In short, it’s clear that all rollover recommendations by broker-dealers will be subject to Reg BI’s best interest requirement regardless of whether or not they involve securities transactions. And, since all advice by investment advisers is subject to their best interest standard, all rollover recommendations by investment advisers and broker-dealers are subject to the standard. 

Second, the SEC’s final rules state explicitly that costs must always be considered – in addition to potential risks and rewards – when making any recommendation to a retail customer. Since rollover IRAs are usually more expensive than plan accounts, the additional cost must be justified by additional benefit(s) for the participant based on the participant’s needs and objectives. 

What Should Advisors and Firms Be Doing Now?

So what does all this mean in a practical sense?

Broker-dealers are required to be in compliance with Reg BI by June 30, 2020. And the RIA Interpretation reflects the SEC’s already-existing views of RIA responsibilities under the Advisers Act – in other words, it’s applicable now.

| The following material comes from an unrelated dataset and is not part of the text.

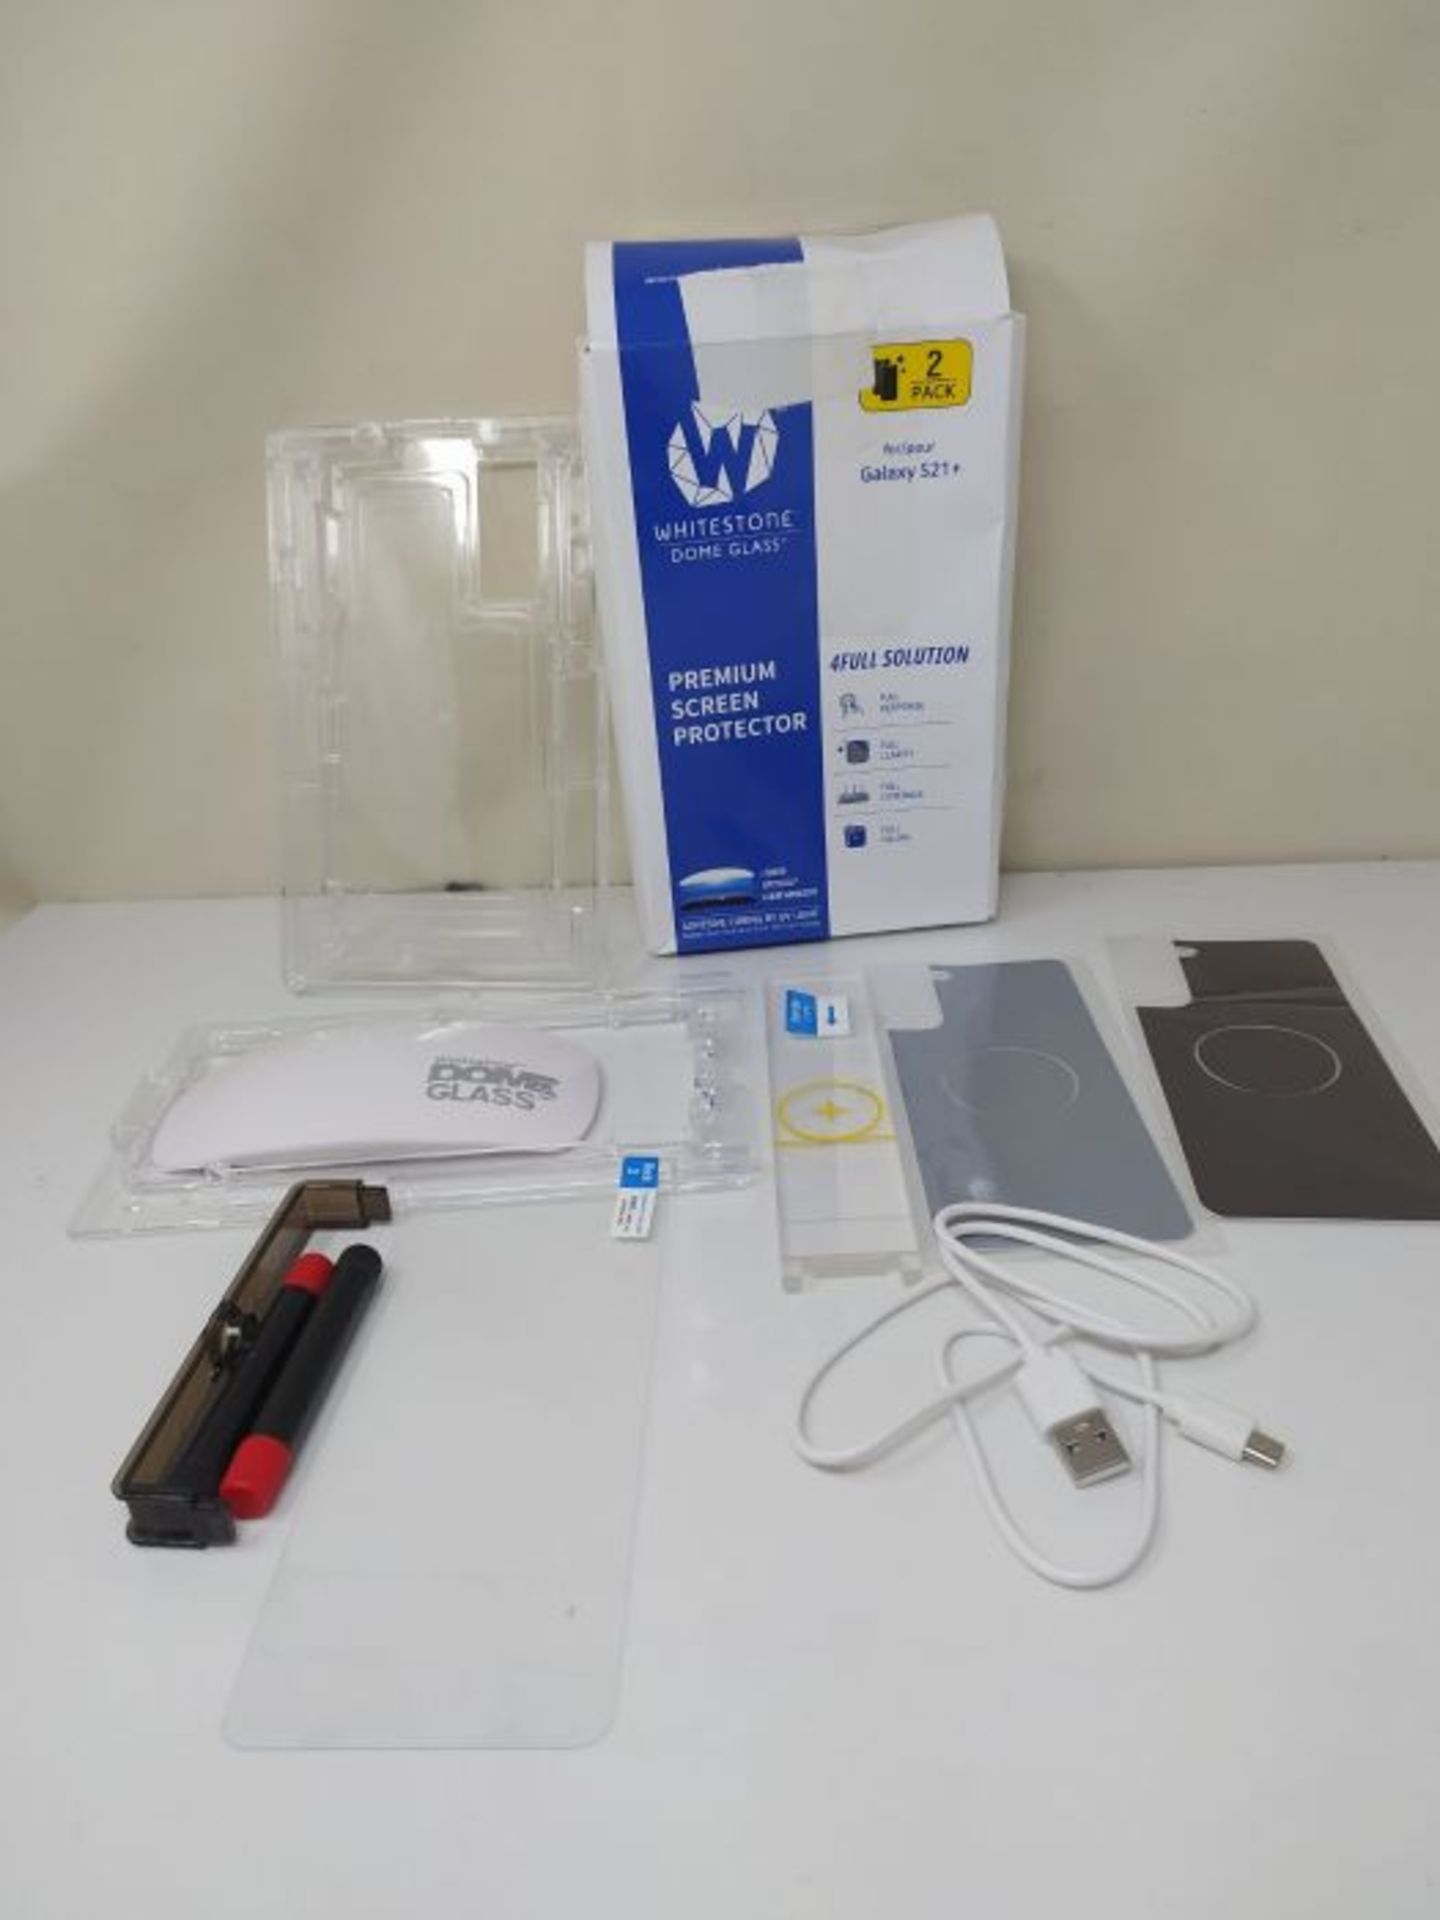 [Dome Glass] Galaxy S21 Plus Screen Protector, Full HD Clear 3D Curved Edge Tempered G - Image 2 of 2

Many firms have already established protocols for collecting and analyzing plan (and IRA) information, and documenting their “best interest” determinations for rollovers in preparation for the DOL’s vacated fiduciary rule and Best Interest Contract Exemption (BICE). And advisors who are fiduciaries to ERISA plans are likely to be using that process in practice, to ensure compliance with the DOL/IRS temporary enforcement policy outlined in Field Assistance Bulletin (FAB) 2018-02 (discussed in our previous articles). 

Since the considerations under the DOL and SEC rules largely overlap, these practices should, at very least, provide a starting point. Furthermore, since the SEC rulemaking does not differentiate between rollovers from ERISA plans and non-ERISA plans (only ERISA plans are within the DOL’s enforcement jurisdiction), these practices now need to be expanded to rollovers from governmental 403(b), 457(b) and other ERISA-exempt plans.

One word of caution: Unlike the former DOL rule, the SEC rulemaking does not specifically address whether an advisor can rely on benchmarks or similar data (e.g., as to plan expenses, types of investments, etc.) in cases where plan-specific information is not available. It’s not clear at this time whether the SEC considers this a permissible practice. 

Likewise, because the SEC rules cover rollover recommendations from defined benefit plans and non-participant directed defined contribution plans, practices may need to be updated for those types of rollover recommendations. 

For example, relevant factors for a DB plan include:

  • the additional risk of withdrawing the benefits from the plan, particularly if the benefits are insured by the Pension Benefit Guaranty Corporation;
  • whether or not the investor would benefit from the guaranteed income the plan offers; and
  • any reductions/adjustments of the plan benefit where it is withdrawn in a lump sum prior to the individual’s normal retirement age.

However, the appropriate “best interest” factors to be considered for rollover recommendations from DB plans and non-participant-directed DC plans has not been developed in the law. As a result, firms and advisors will need to thoughtfully establish criteria for the factors to be considered in developing such recommendations. 

Finally, the SEC does not require a “best interest” determination for rollovers that are not recommended by the advisor. It is permissible to provide individual clients with full, fair, and balanced educational materials on the considerations for rolling over, leaving their money in the plan or transferring the account to the plan of a new employer. Firms and advisors may wish to develop, or improve, existing materials to document these situations – in particular where it may be difficult for an advisor to make the “best interest” finding, including where plan information is missing or the plan isn’t participant-directed.